View Full Version : Did I do the right thing *verbal abuse*


Casper_Fading
02-03-2008, 07:52 AM
So Wednesday night last week my fiance's sister (my fiance was away) comes into my room and says "i think i just dumped aaron". That's her boyfriend (ASSHOLE). Now I spent the night from 11pm till 4 am looking after her while she and he text each other (he normally lives here with us but was away for the week) and he said some really horrible things. Such as "you're a f*ckwit" *don't threaten me with no sex i'll f*ck you whenever I want* They've never actually had intercourse just the touching and stuff. And one of my absolute faves *the only reason you want to break up with me is so you can sleep with all my mates* so not only is he an asshole. He's an arrogant asshole he kept saying *you know i'm the best boyfriend you'll ever have. YOu'll never get anything better or bigger than me". ASSSSSSSSSSSSSSSHOOOOOOOLE! Anywho, on with the saga. I let mel borrow my phone to ring me because she wanted to talk and they talked for an hour and when she hung up on him she was so angry and was ready to start packing up his things. Then he kept messaging her to ring back so I said fine, you have 20 minutes. He went from being a prick to the whole sobby voice and 20 minutes later she said "bye hun we'll sort it out whe you get back." I was like... WHAT!!! So anyways, that was it. He didn't come back when he was supposed to (friday) becasue there was a party he wanted to go to. He come back saturday night and straight away she lets him back into her bed. Now last night I walked into the loungeroom just after he got home and I just looked at him. I didn't say anthing, I looked and walked past and he goes "fuuuuuucking hell" at me. I just ignored him.
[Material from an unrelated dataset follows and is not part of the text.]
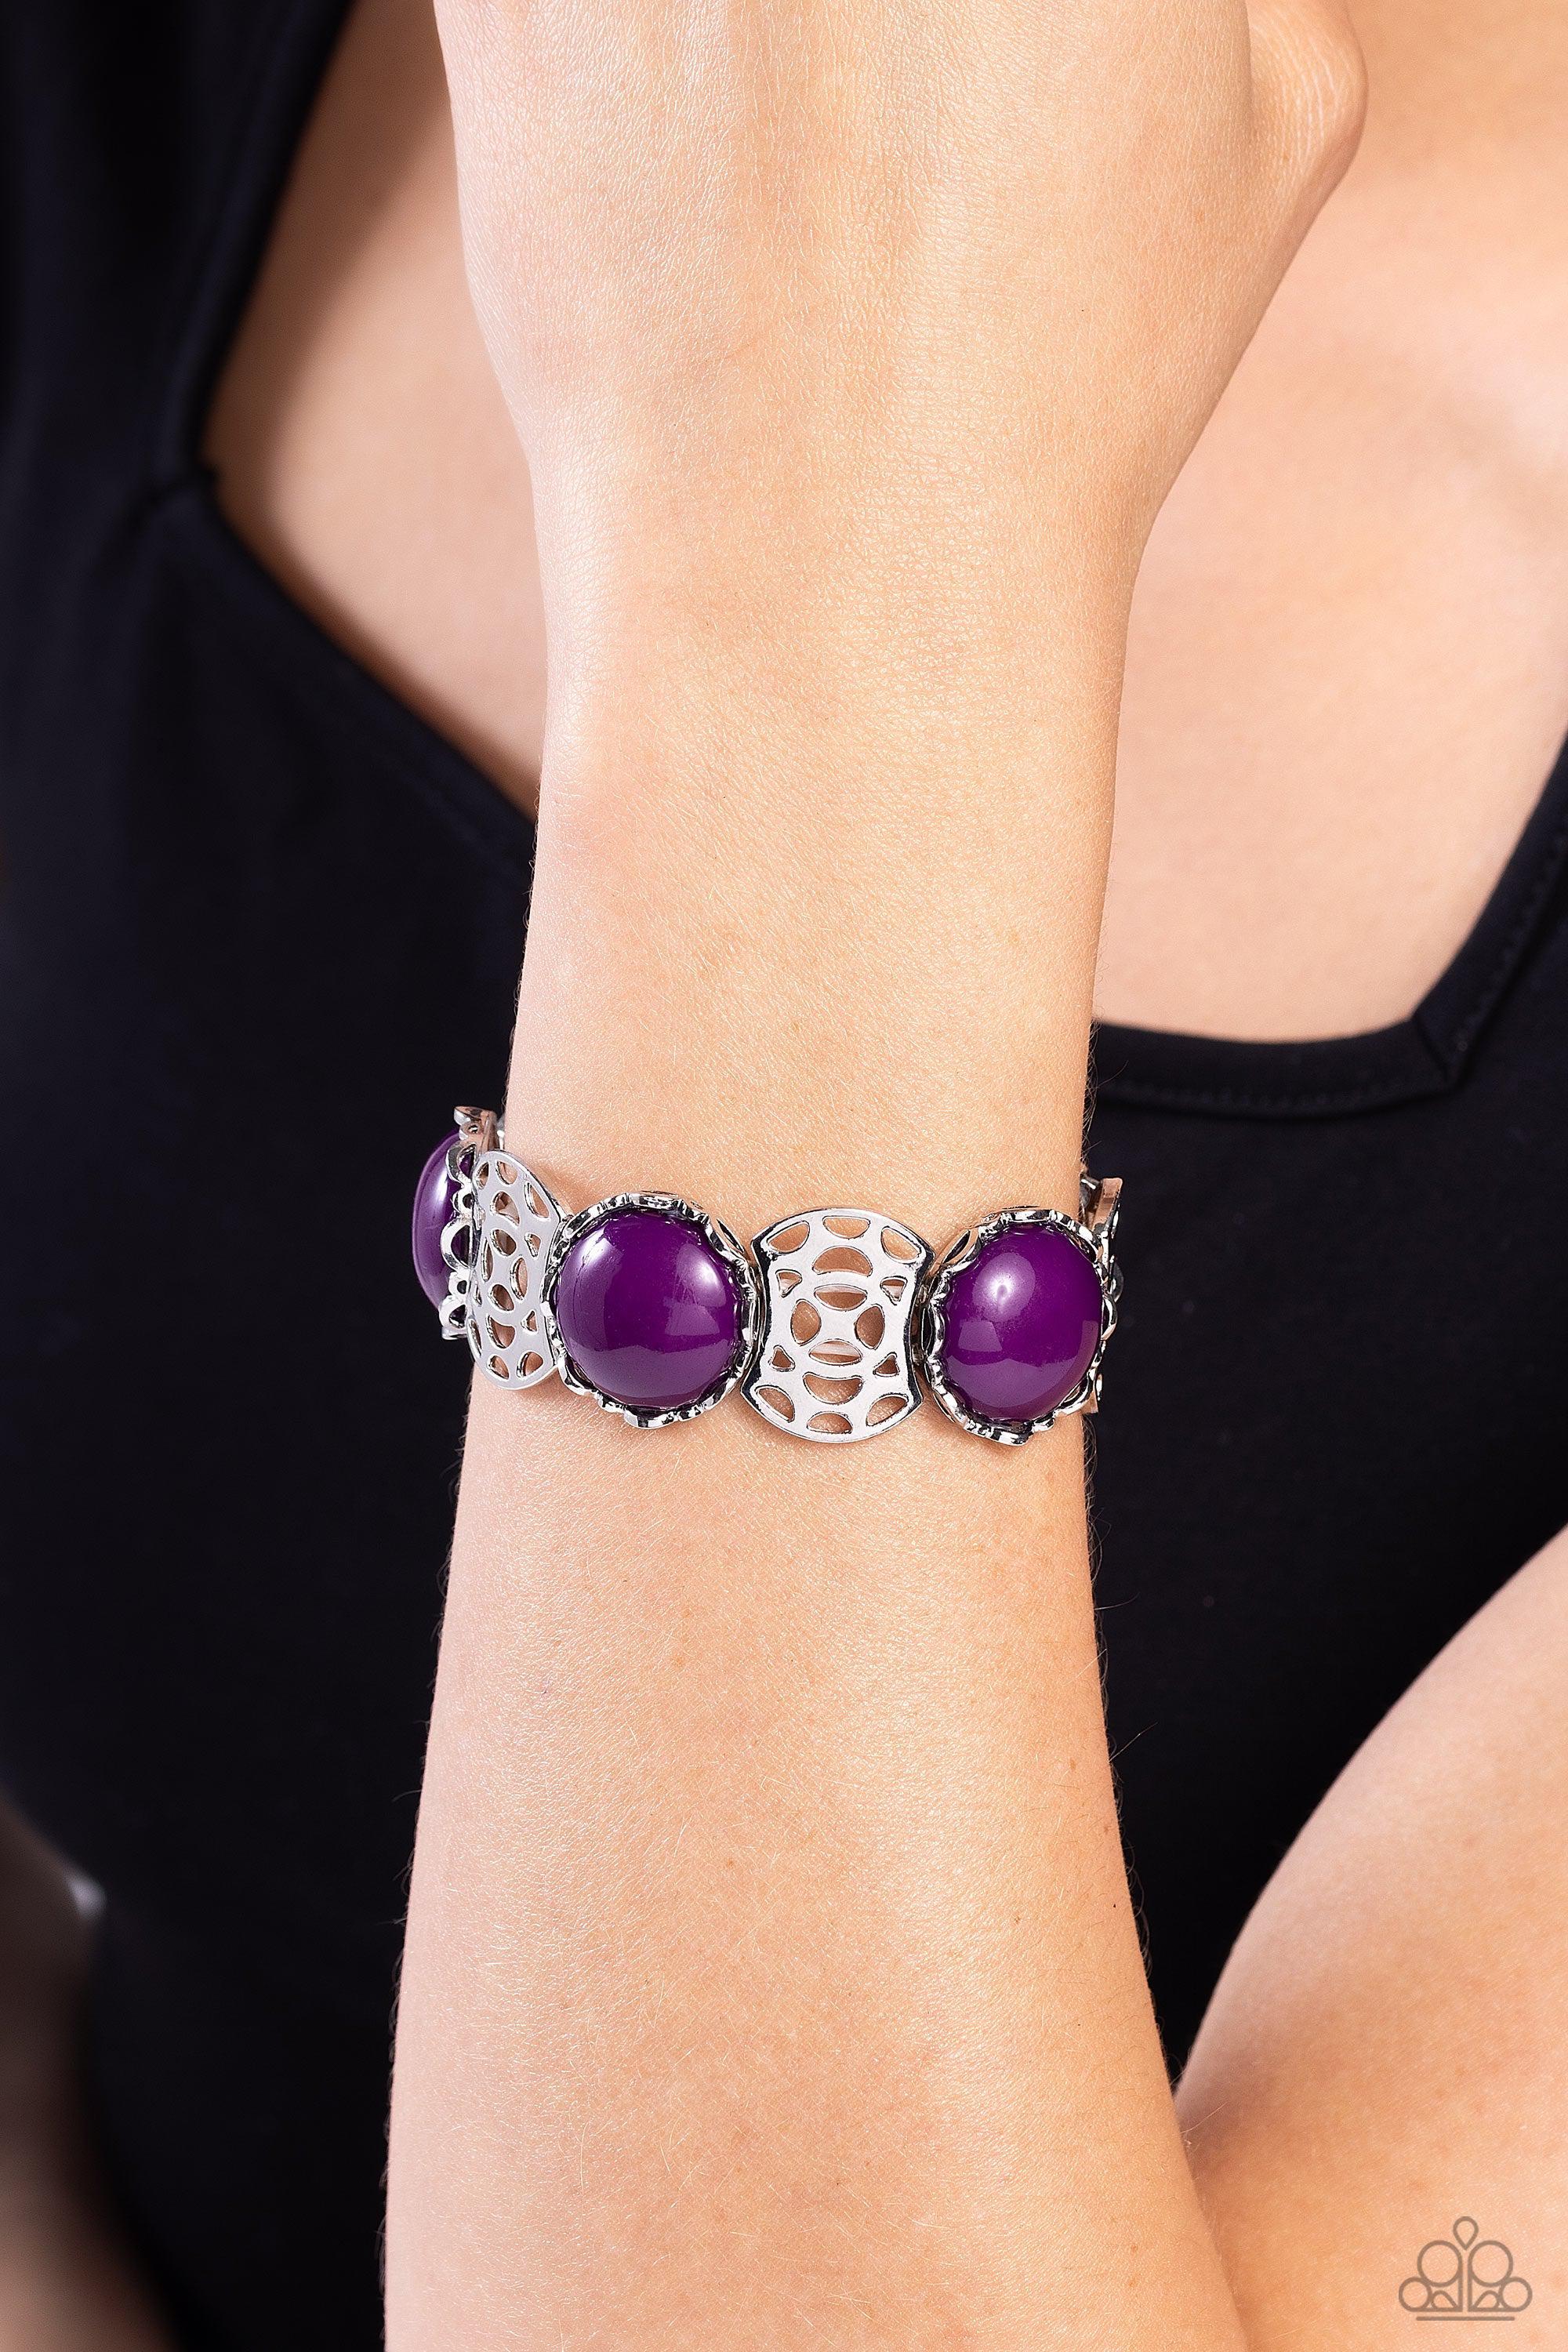 Ethereal Excursion Purple Bracelet - Paparazzi Accessories- lightbox - CarasShop.com - $5 Jewelry by Cara Jewels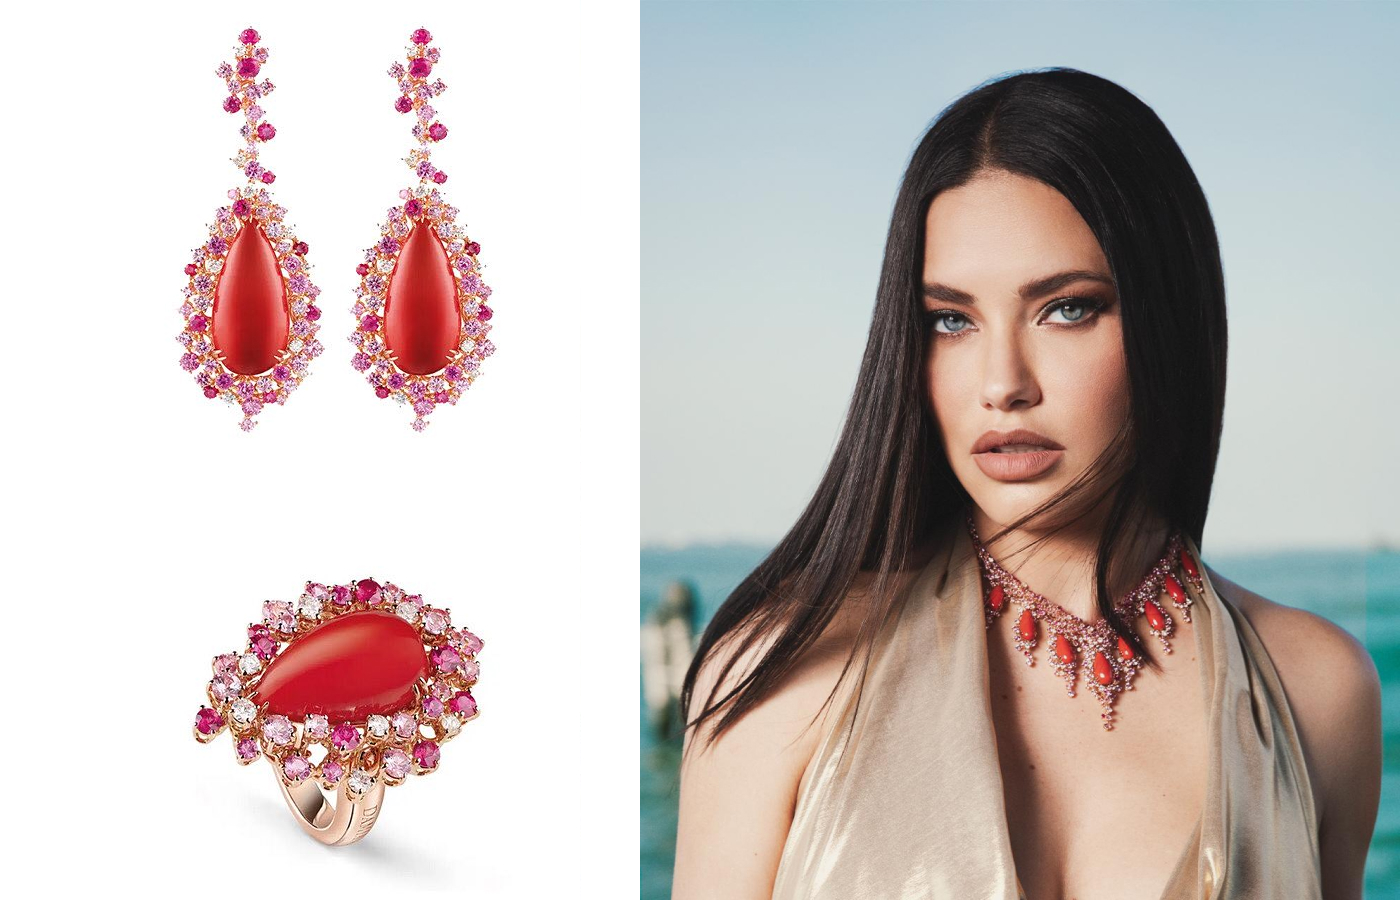 Adriana Lima attends the Venice Film Festival wearing a suite of Damiani jewels in pink gold, with diamonds, rubies, pink sapphires and Mediterranean coral from the brand’s Mimosa collection

Anyways, today (just a little while ago) anthony (my fiance) went and talked to Mel (boyfriend is out again) and she told him that it was all fine now and everything was fixed. He told me.. i was like... WHAT?!?!?!?! I said if she's going to continue to defend him i'll tell you what he said. I had promised Mel I wouldn't becasue I assumed she'd have the common f*cking sense to dump the d*ckhead. But no. So I told him.... Aaron is lucky he was out. Anthony was so angry. As you would be if anyone spoke to your little sister like that! I'd KILL a guy who spoke to my sister(s) like that. And he rang aaron and basically told him to get out. Aaron said you can't get rid of me. So anthony rang his other brother (who aaron use to be friends with) and told him what was said and told him to tell aaron to get out. So yes. Just a moment ago mel stormed out of the house gave me a dagger laden glare and stormed off down the street. I'm assuming aaron is already whining to her about it. It wouldn't have taken long, the stupid pissant.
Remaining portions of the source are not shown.